__COLLECTED DATA__.

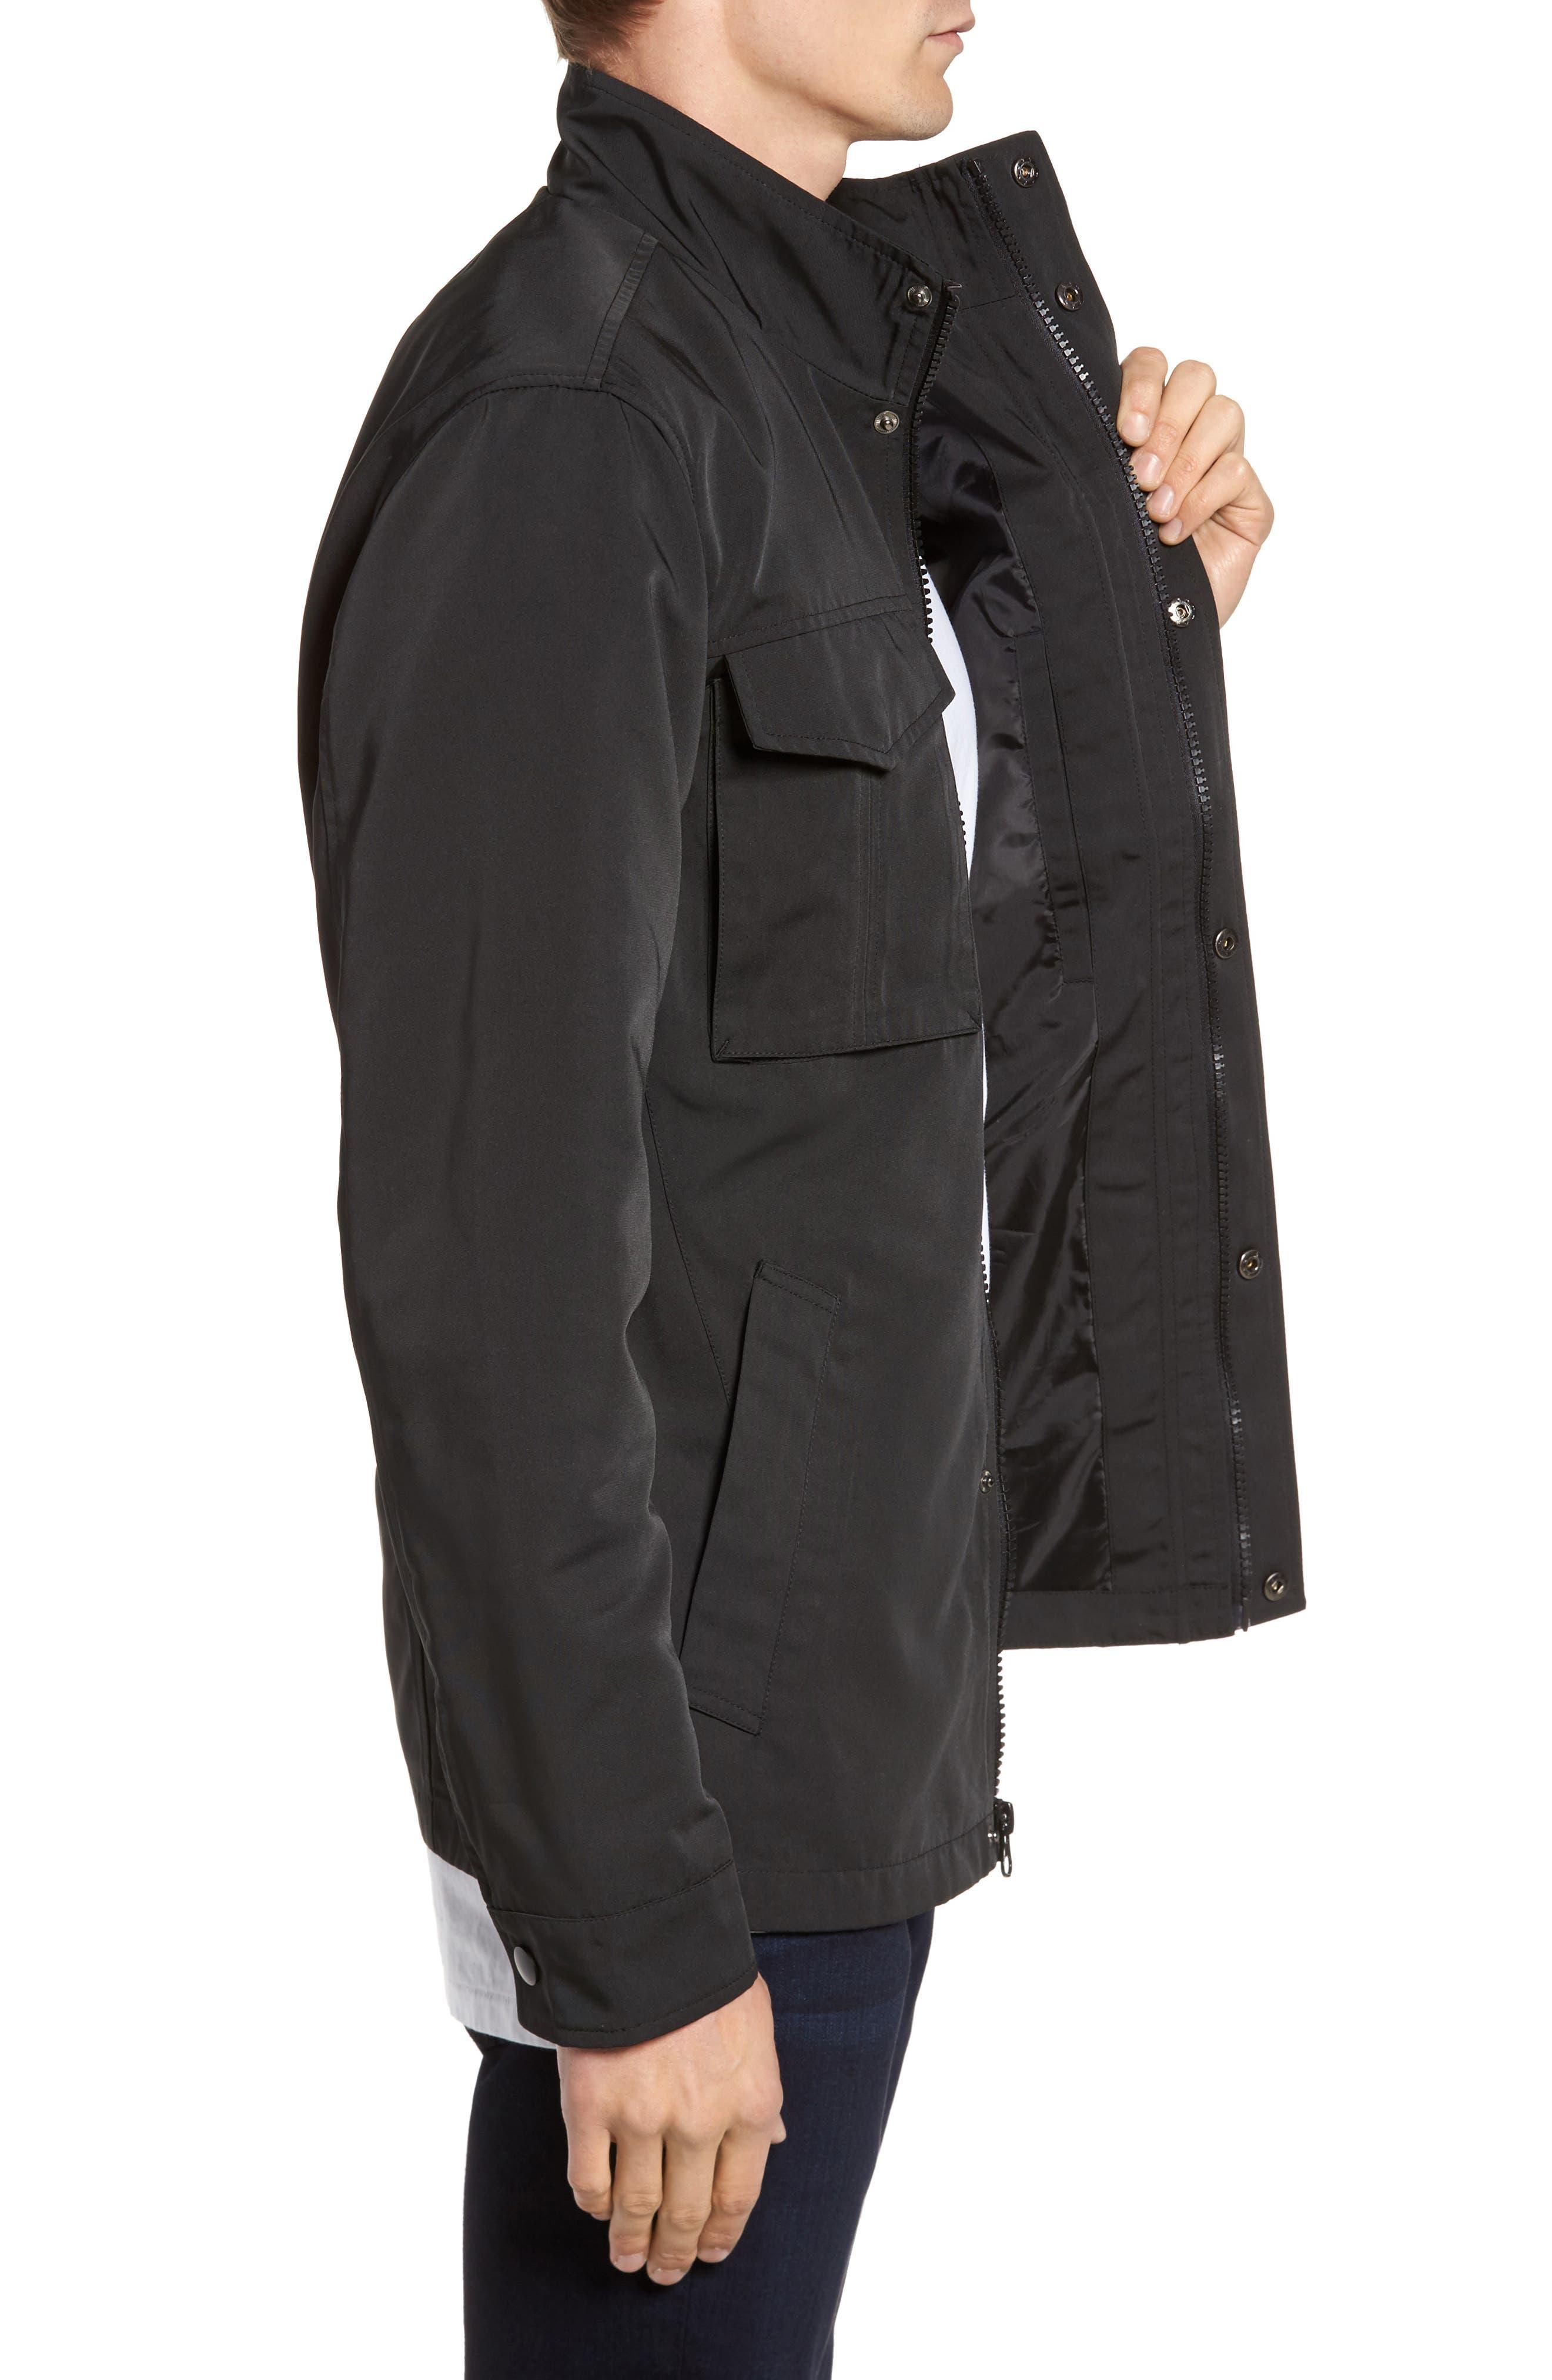 Dougie Waterproof Jacket,                             Alternate thumbnail 5, color,
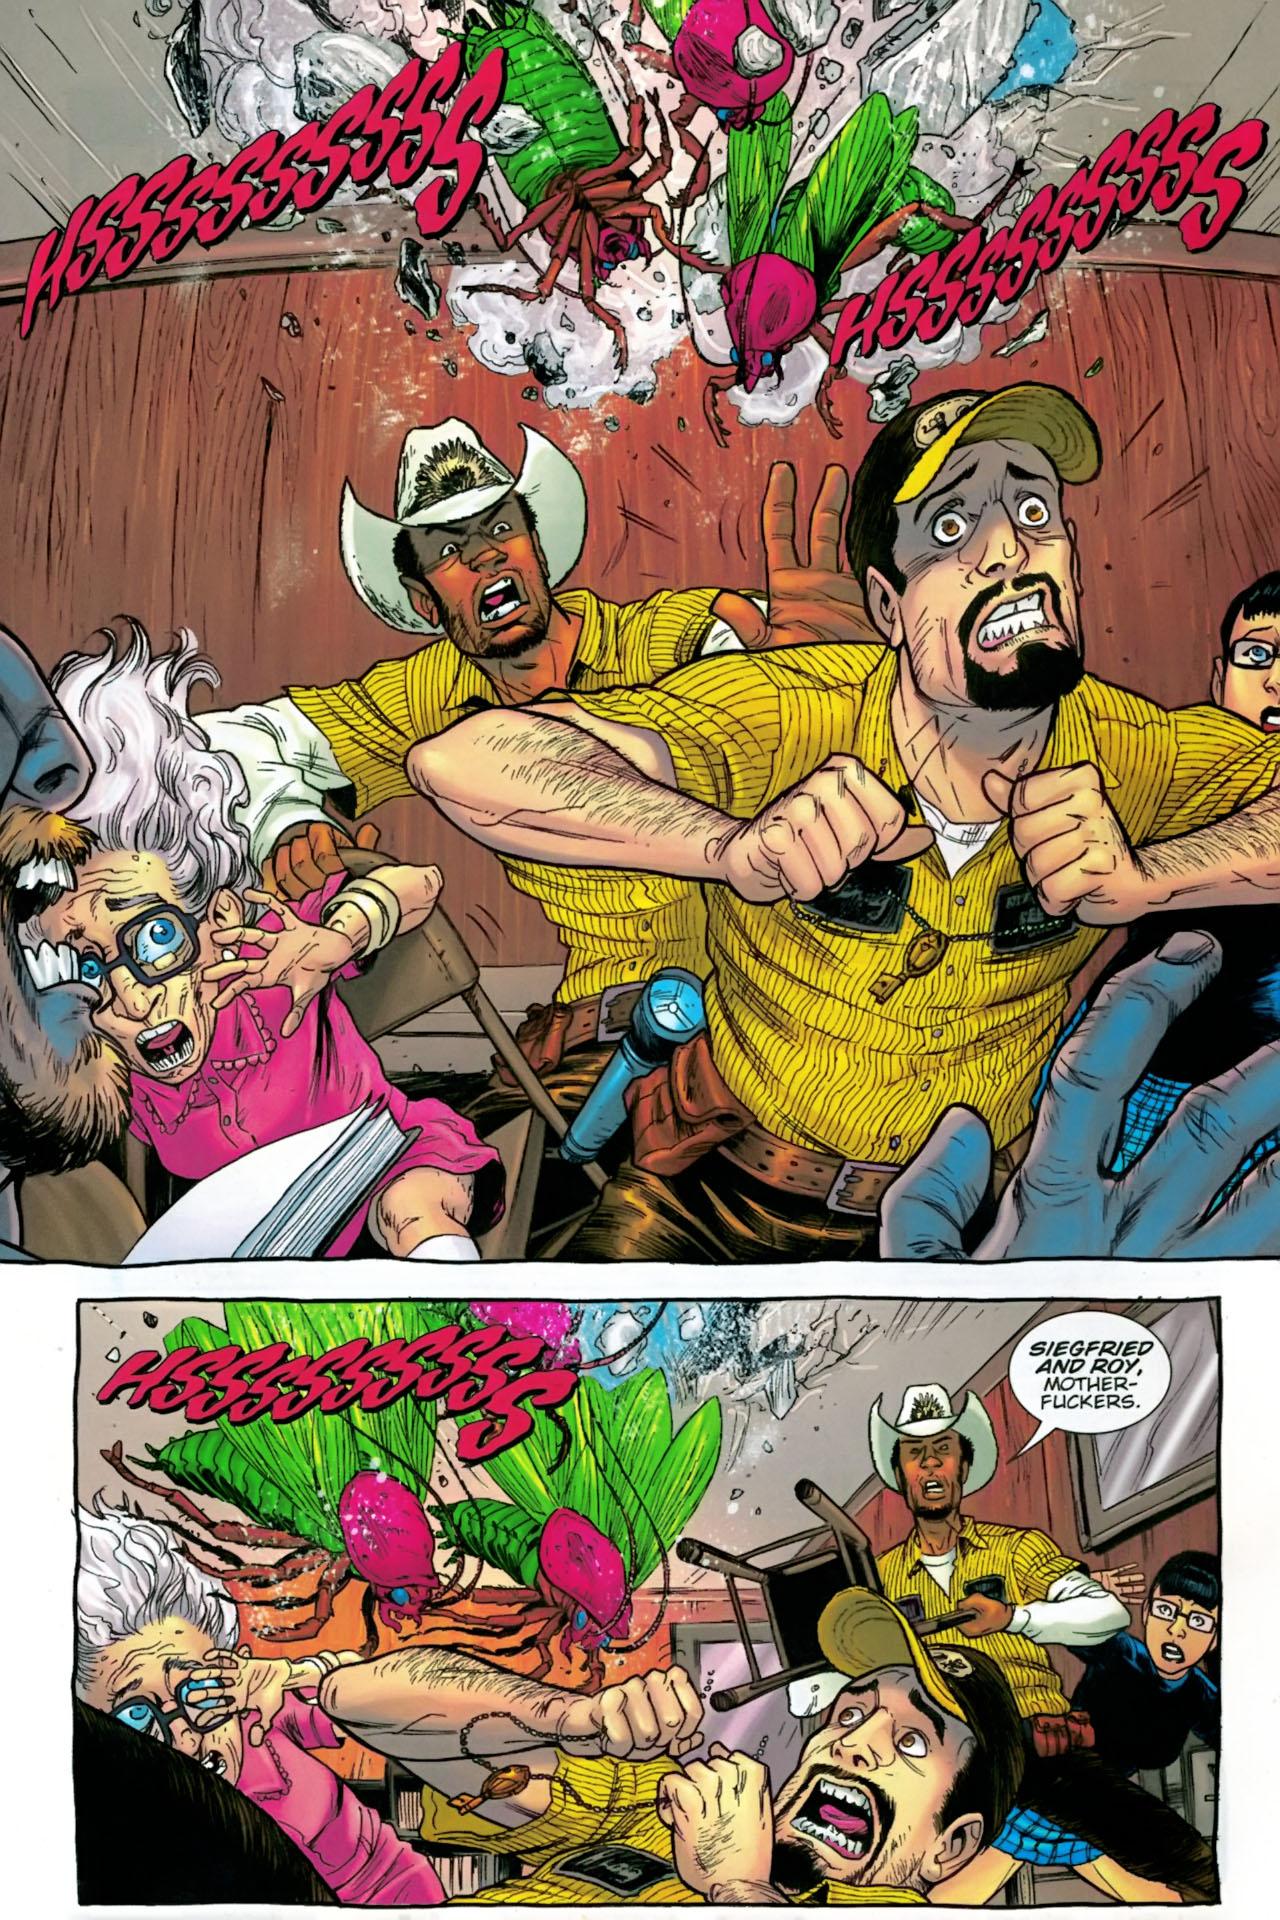 Read online The Exterminators comic -  Issue #28 - 9
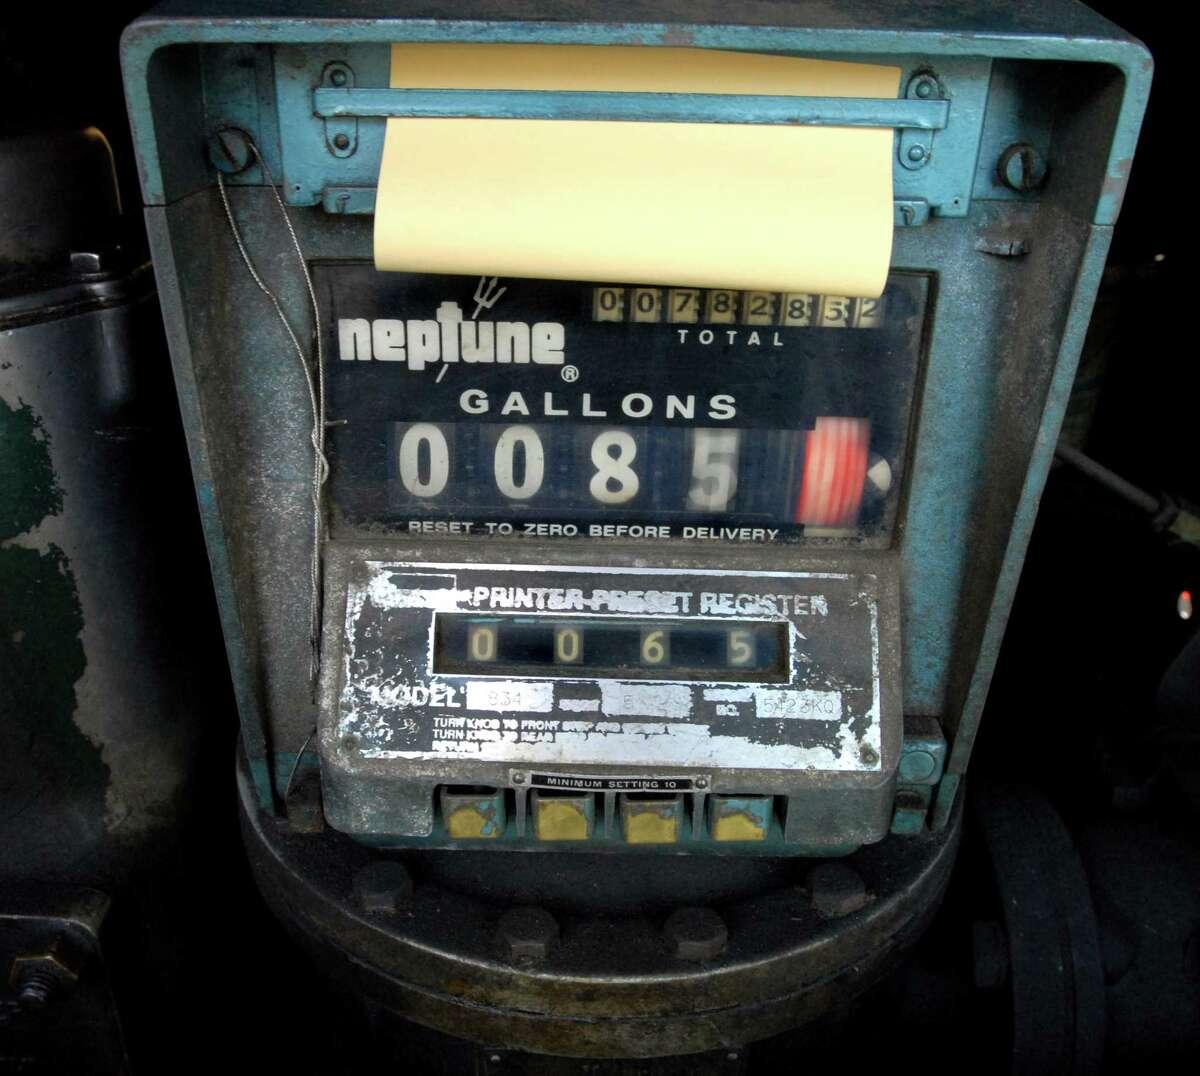 (ms093009)-The meter registers gallons as Nick Libretti fills an oil tank in East Haven. Melanie Stengel/Register

__PROBLEM TO SOLVE__. Using the listing above, copy every line from the line containing "Read online The" through the last one, both included, and no other lines. Pictures stay out.

__SOLVED PROBLEM__.
 Read online The Exterminators comic -  Issue #28 - 9
 (ms093009)-The meter registers gallons as Nick Libretti fills an oil tank in East Haven. Melanie Stengel/Register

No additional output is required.